Nothing may be left out of the listing below but its images; repeat the rest exactly.

=== Exercise data ===

Start of Block

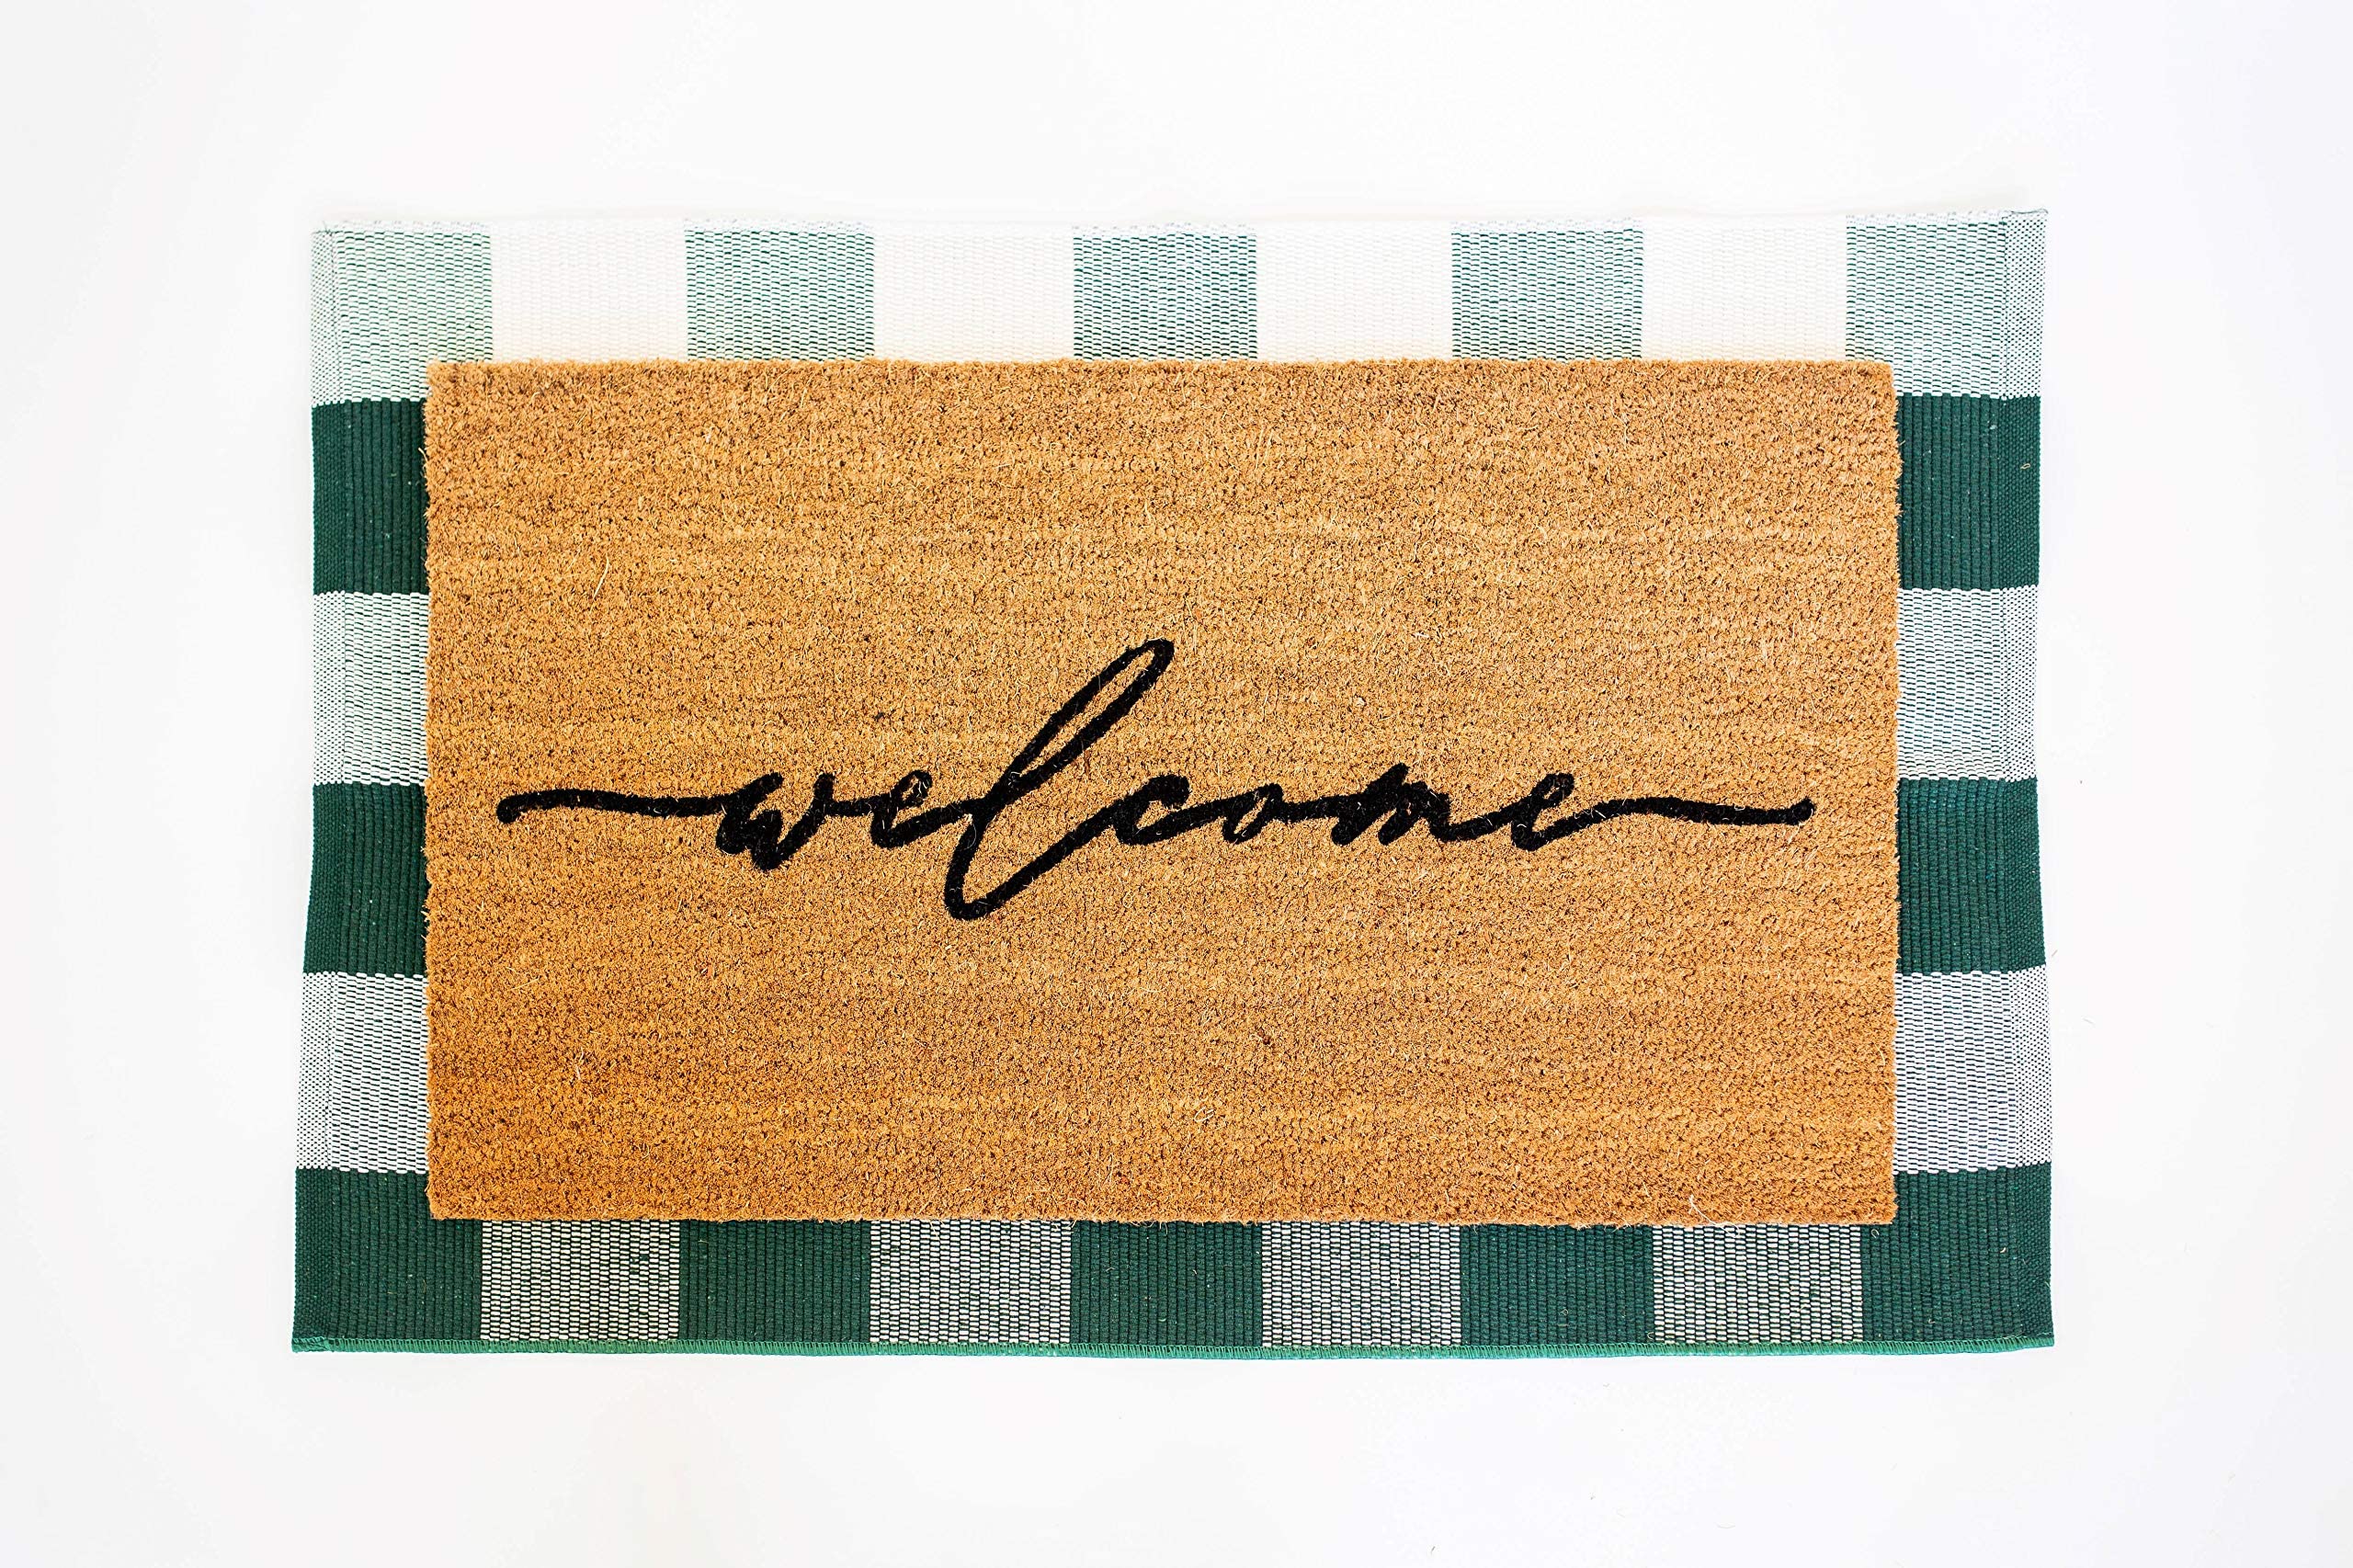 Welcome Door Mat – Jortle Rug House
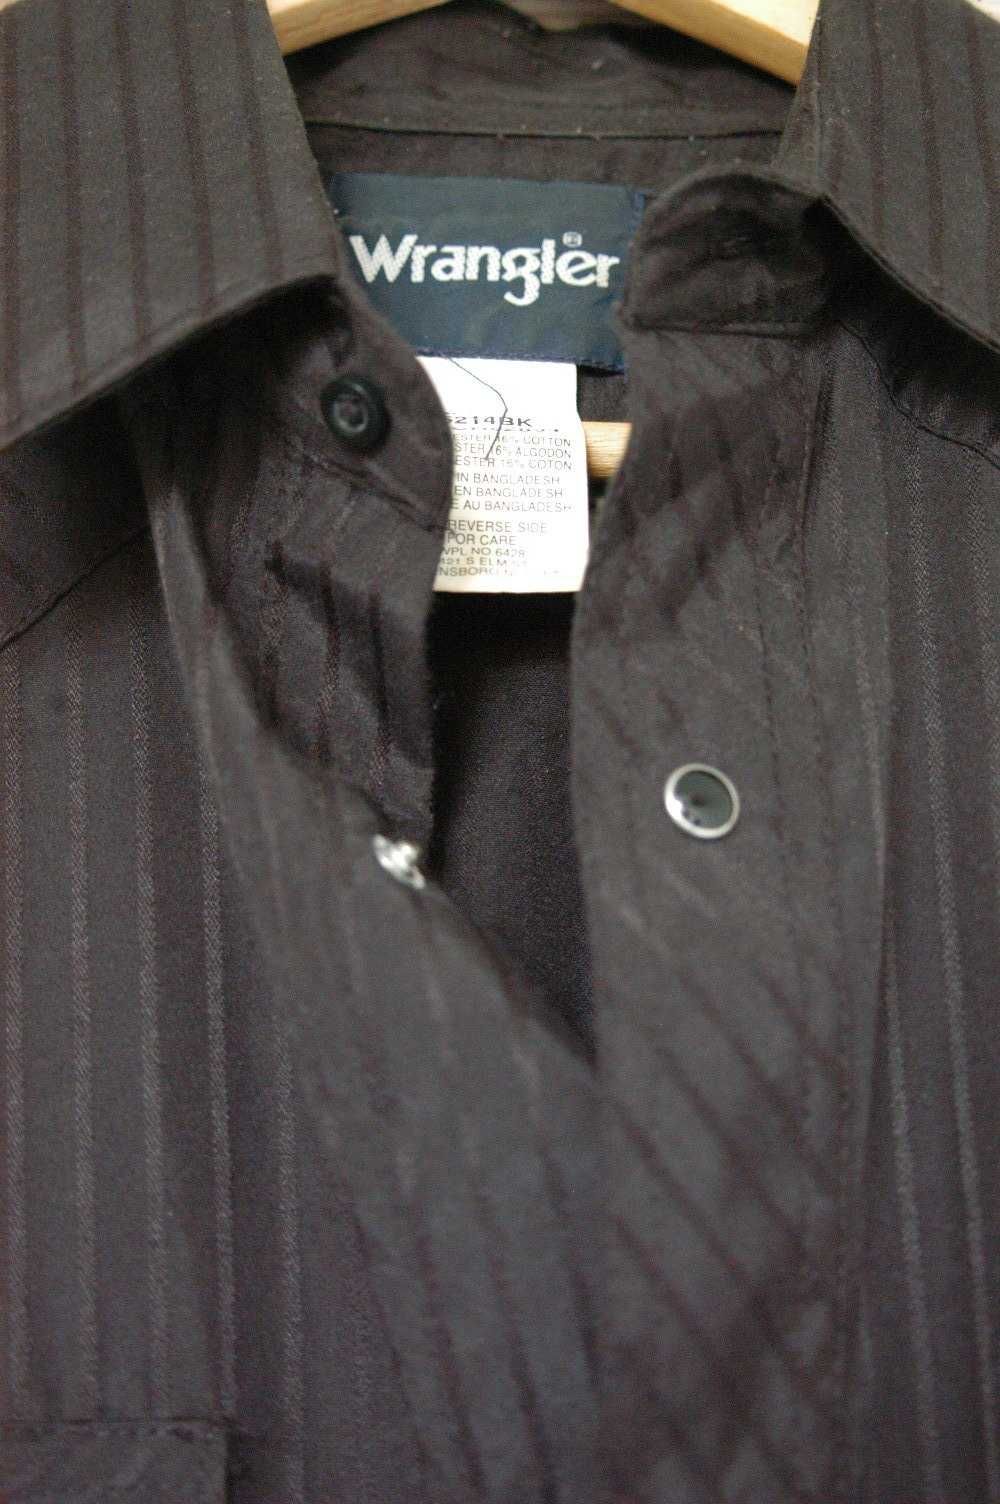 męska czarna koszula Wrangler - rozmiar M - kowbojska - westernowa
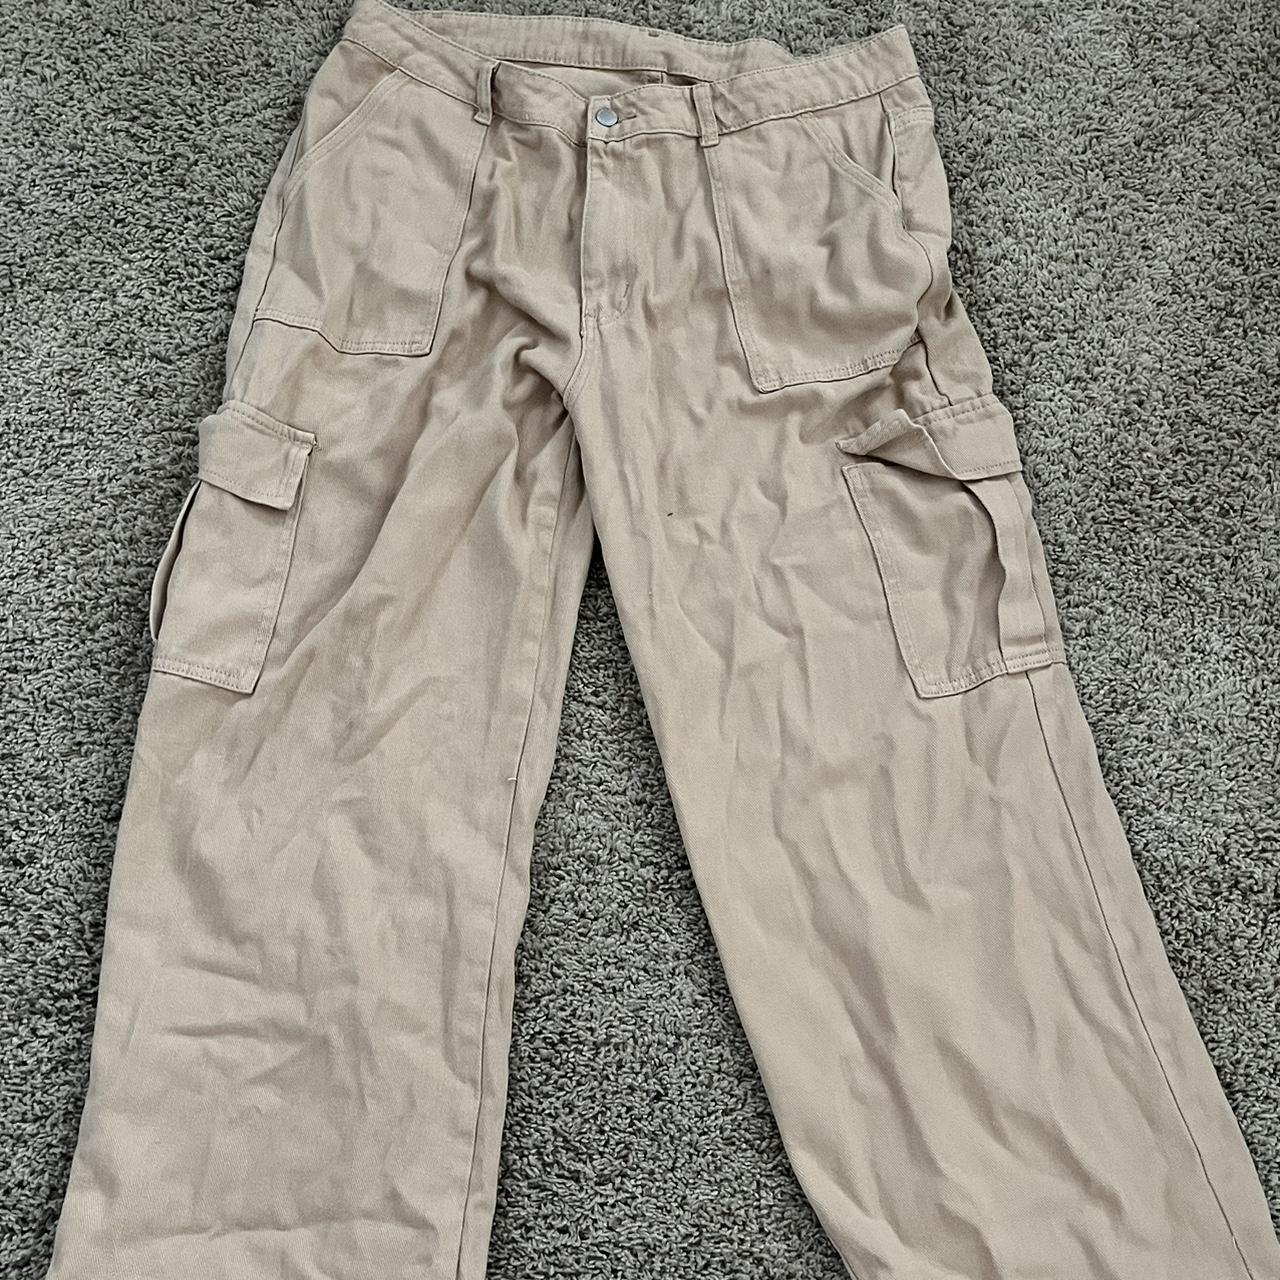 SheIn Cargo pants size 12 Price: 1200 | Instagram
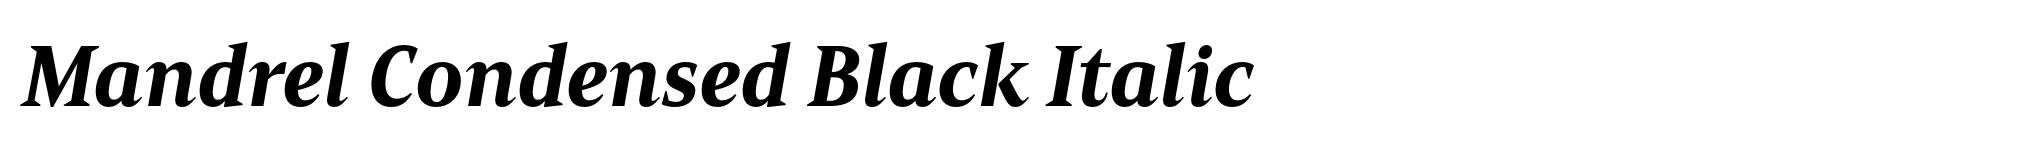 Mandrel Condensed Black Italic image

End of Block

=== Task output ===
 Welcome Door Mat – Jortle Rug House
 męska czarna koszula Wrangler - rozmiar M - kowbojska - westernowa
 SheIn Cargo pants size 12 Price: 1200 | Instagram
 Mandrel Condensed Black Italic image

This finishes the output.